You can also raise ModelRetry from within a tool or result validator function to tell the model it should retry generating a response.

Here's an example:

tool_retry.py
from pydantic import BaseModel

from pydantic_ai import Agent, RunContext, ModelRetry

from fake_database import DatabaseConn


class ChatResult(BaseModel):
    user_id: int
    message: str


agent = Agent(
    'openai:gpt-4o',
    deps_type=DatabaseConn,
    result_type=ChatResult,
)


@agent.tool(retries=2)
def get_user_by_name(ctx: RunContext[DatabaseConn], name: str) -> int:
    """Get a user's ID from their full name."""
    print(name)
    #> John
    #> John Doe
    user_id = ctx.deps.users.get(name=name)
    if user_id is None:
        raise ModelRetry(
            f'No user found with name {name!r}, remember to provide their full name'
        )
    return user_id


result = agent.run_sync(
    'Send a message to John Doe asking for coffee next week', deps=DatabaseConn()
)
print(result.data)
"""
user_id=123 message='Hello John, would you be free for coffee sometime next week? Let me know what works for you!'
"""

Model errors

If models behave unexpectedly (e.g., the retry limit is exceeded, or their API returns 503), agent runs will raise UnexpectedModelBehavior.
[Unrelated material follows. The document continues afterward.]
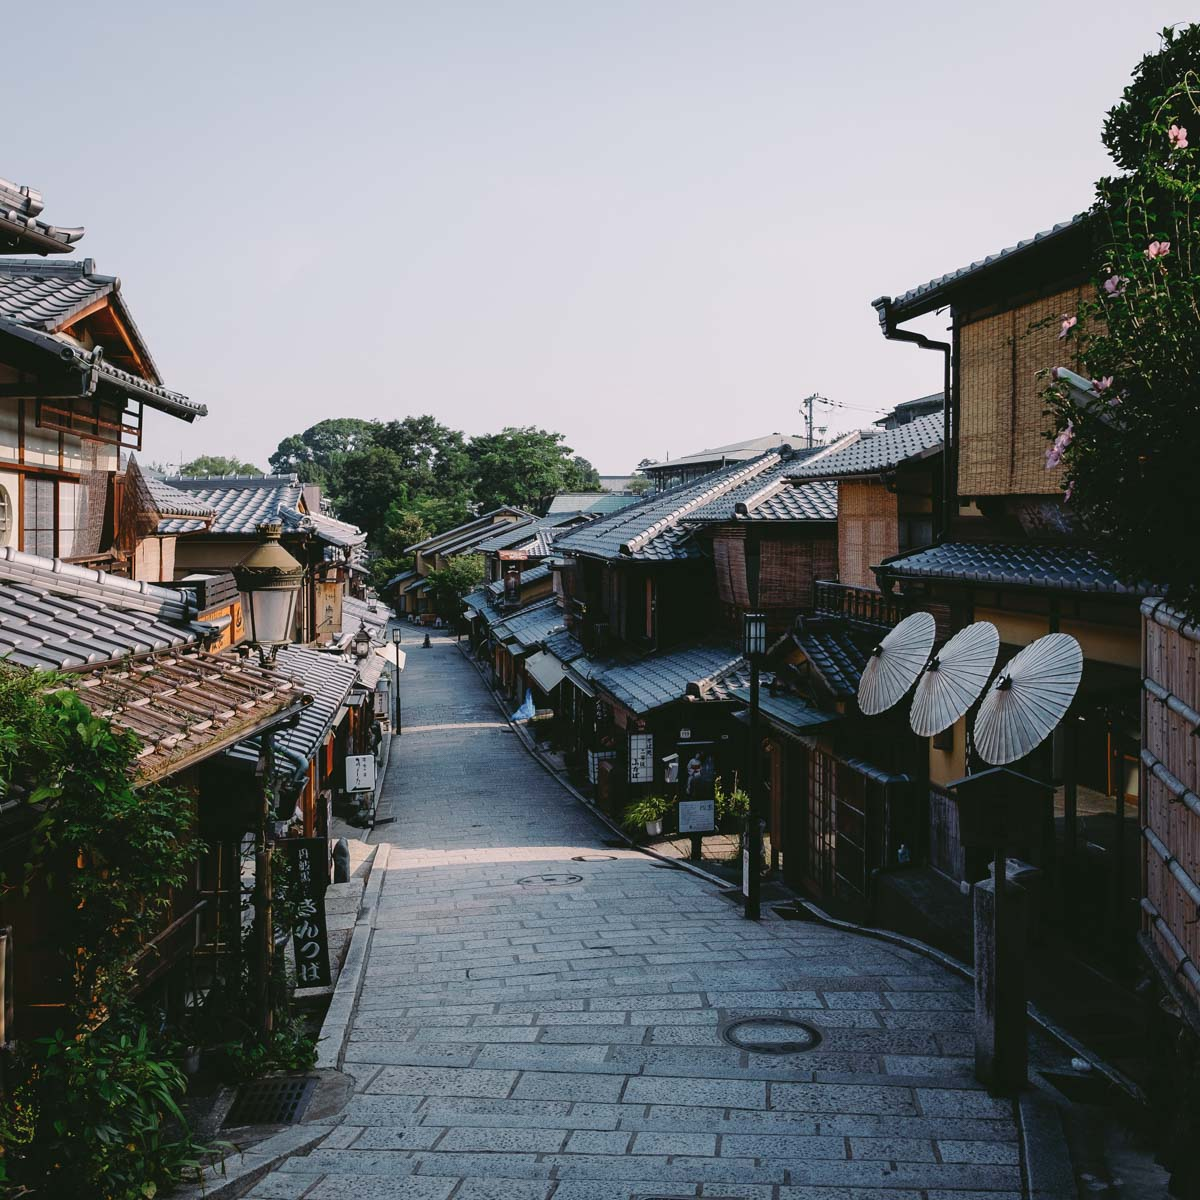 Takashi Yasui, Kyoto, Japan
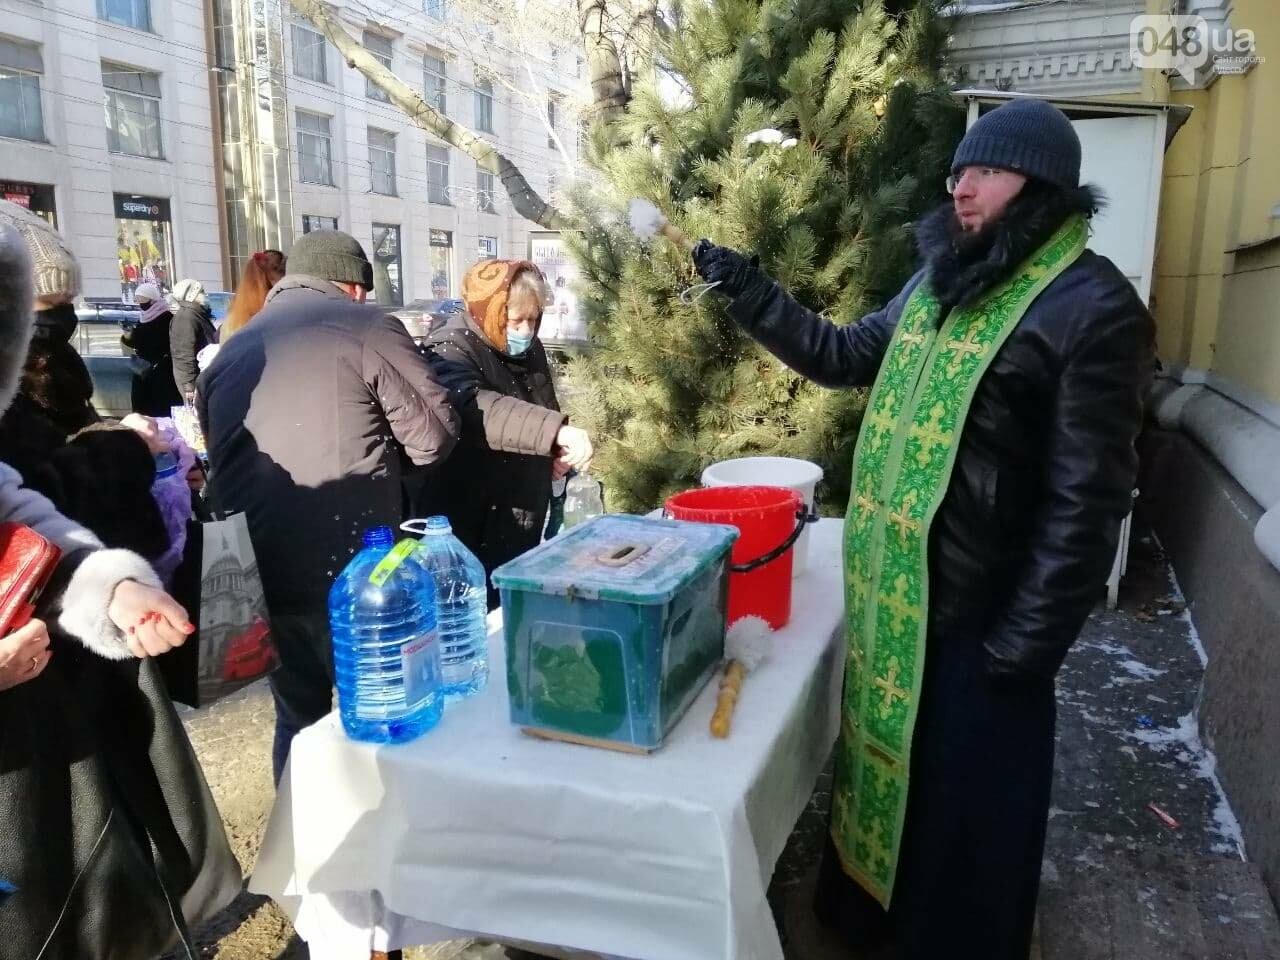 Крещение в Одессе: во всех храмах святили воду,- ФОТОРЕПОРТАЖ, фото-4

In these cases, capture_run_messages can be used to access the messages exchanged during the run to help diagnose the issue.

from pydantic_ai import Agent, ModelRetry, UnexpectedModelBehavior, capture_run_messages

agent = Agent('openai:gpt-4o')


@agent.tool_plain
def calc_volume(size: int) -> int:  # (1)!
    if size == 42:
        return size**3
    else:
        raise ModelRetry('Please try again.')


with capture_run_messages() as messages:  # (2)!
    try:
        result = agent.run_sync('Please get me the volume of a box with size 6.')
    except UnexpectedModelBehavior as e:
        print('An error occurred:', e)
        #> An error occurred: Tool exceeded max retries count of 1
        print('cause:', repr(e.__cause__))
        #> cause: ModelRetry('Please try again.')
        print('messages:', messages)
        """
        messages:
        [
            ModelRequest(
                parts=[
                    UserPromptPart(
                        content='Please get me the volume of a box with size 6.',
                        timestamp=datetime.datetime(...),
                        part_kind='user-prompt',
                    )
                ],
                kind='request',
            ),
            ModelResponse(
                parts=[
                    ToolCallPart(
                        tool_name='calc_volume',
                        args=ArgsDict(args_dict={'size': 6}),
                        tool_call_id=None,
                        part_kind='tool-call',
                    )
                ],
                timestamp=datetime.datetime(...),
                kind='response',
            ),
            ModelRequest(
                parts=[
                    RetryPromptPart(
                        content='Please try again.',
                        tool_name='calc_volume',
                        tool_call_id=None,
                        timestamp=datetime.datetime(...),
                        part_kind='retry-prompt',
                    )
                ],
                kind='request',
            ),
            ModelResponse(
                parts=[
                    ToolCallPart(
                        tool_name='calc_volume',
                        args=ArgsDict(args_dict={'size': 6}),
                        tool_call_id=None,
                        part_kind='tool-call',
                    )
                ],
                timestamp=datetime.datetime(...),
                kind='response',
            ),
        ]
        """
    else:
        print(result.data)
  1. Define a tool that will raise ModelRetry repeatedly in this case.
  2. capture_run_messages is used to capture the messages exchanged during the run.

(This example is complete, it can be run "as is")

Note

If you call run, run_sync, or run_stream more than once within a single capture_run_messages context, messages will represent the messages exchanged during the first call only.